Marché du travail: le bon réflexe

vendredi, 18.05.2018

Stéphanie Ruegsegger*

La Suisse se porte bien et son marché du travail affiche un taux de chômage à faire pâlir de jalousie ses voisins, avec une nouvelle cote à 2,7%.

En parallèle, les entreprises suisses devront dès juillet prochain annoncer obligatoirement les ouvertures de postes, en vue de lutter contre une immigration massive qui mettrait à mal notre marché du travail. Une situation plutôt paradoxale.

Cette obligation est la traduction concrète de l’initiative UDC contre l’immigration de masse, acceptée en février 2014. Ce principe constitutionnel sera mis en œuvre dès juillet, par une nouvelle exigence envers les entreprises: celles-ci devront, sous condition notamment du taux de chômage dans leur genre de profession, annoncer les postes ouverts à l’office régional de placement (ORP). Ce dernier bénéficiera alors d’un délai de cinq jours pour proposer le poste à ces bénéficiaires inscrits, avant qu’il ne soit ouvert sur le marché.

Si elles omettent cette obligation, elles seront alors passibles d’une amende pouvant atteindre 40.000 francs. Une démarche fastidieuse, dont les entreprises, qui croulent déjà sous les tâches administratives, se seraient bien passées. D’autant que la liste des genres de professions, récemment publiée par le Conseil fédéral, est dans certains cas plutôt folklorique. On y apprend ainsi que le chômage est particulièrement élevé dans notre pays pour les télexistes (sic).

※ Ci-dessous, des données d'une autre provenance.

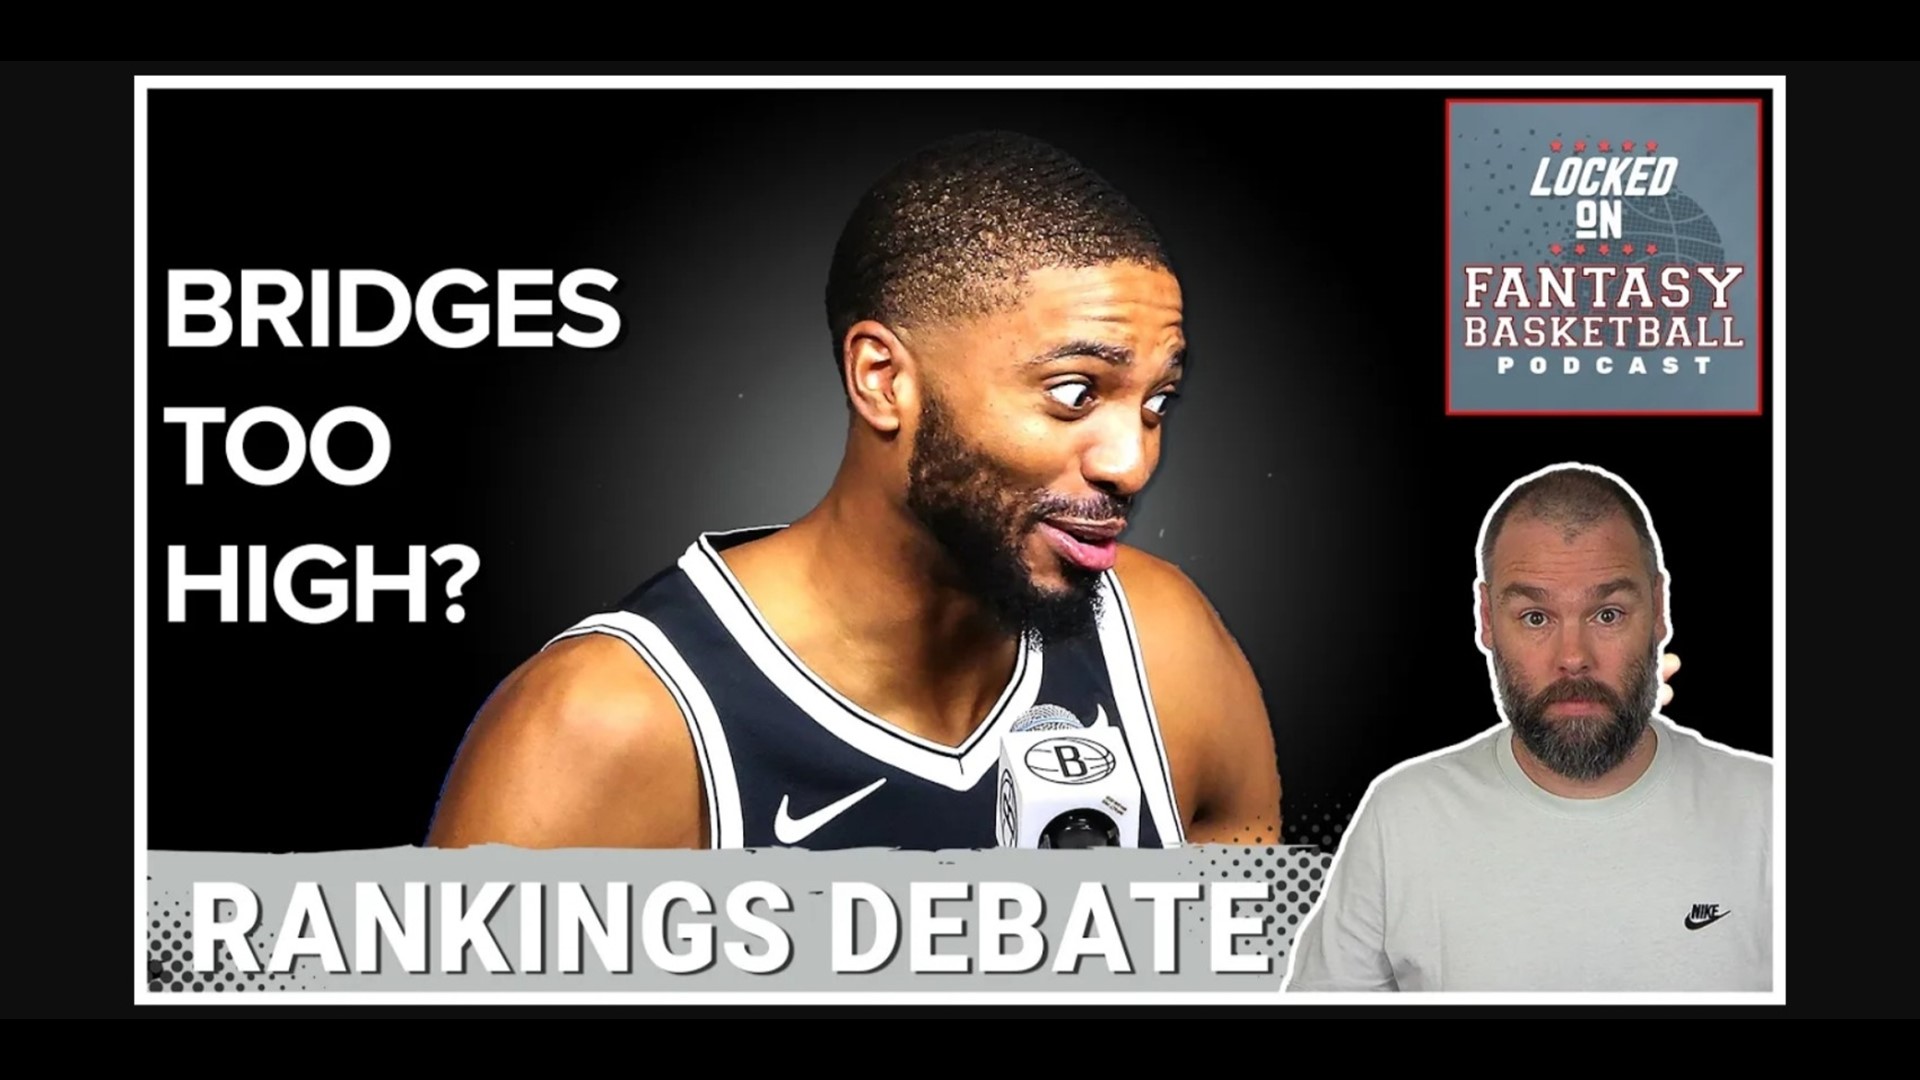 Join Josh Lloyd and Stan Son for a unique twist on fantasy basketball rankings. This episode promises hard-hitting debates on players like Mikal Bridges.

Au-delà de la contrainte imposée aux entreprises et des incongruités de la liste des groupes de profession, on peut s’étonner de devoir ainsi lutter contre une supposée immigration massive, avec un taux de chômage si bas. Certes. Mais c’est le prix à payer si nos entreprises veulent pouvoir continuer à recruter rapidement le personnel nécessaire à leur bon fonctionnement. En clair, il est demandé d’avoir le réflexe de chercher la perle rare sur le marché local, avant de se tourner vers l’étranger. Faute de quoi ce sont les accords bilatéraux qui seront menacés, et avec eux la possibilité de recruter facilement la main-d’œuvre qui fait défaut dans notre pays.

Un récent article faisait mention du danger de pénurie de personnel qui plane sur la Suisse. Or, l’accès à une main-d’œuvre qualifiée est un élément indissociable de la compétitivité d’un pays: perdre du temps pour recruter la bonne personne, c’est tarder d’autant à développer les activités et prendre le risque d’être dépassé par des concurrents. Dans de telles conditions, les entreprises pourraient être tentées de développer leurs activités dans des contrées plus ouvertes en matière de recrutement de main-d’œuvre.

Alors même si l’obligation d’annonce est une contrainte et que de nombreux points méritent d’être clarifiés, elle peut être une chance pour faire des ORP de vrais partenaires, en phase avec les besoins des entreprises. Elle doit surtout éviter que, d’une supposée immigration de masse, notre marché du travail ne soit victime d’une évasion massive d’entreprises, dont les Suisses seraient les premières victimes.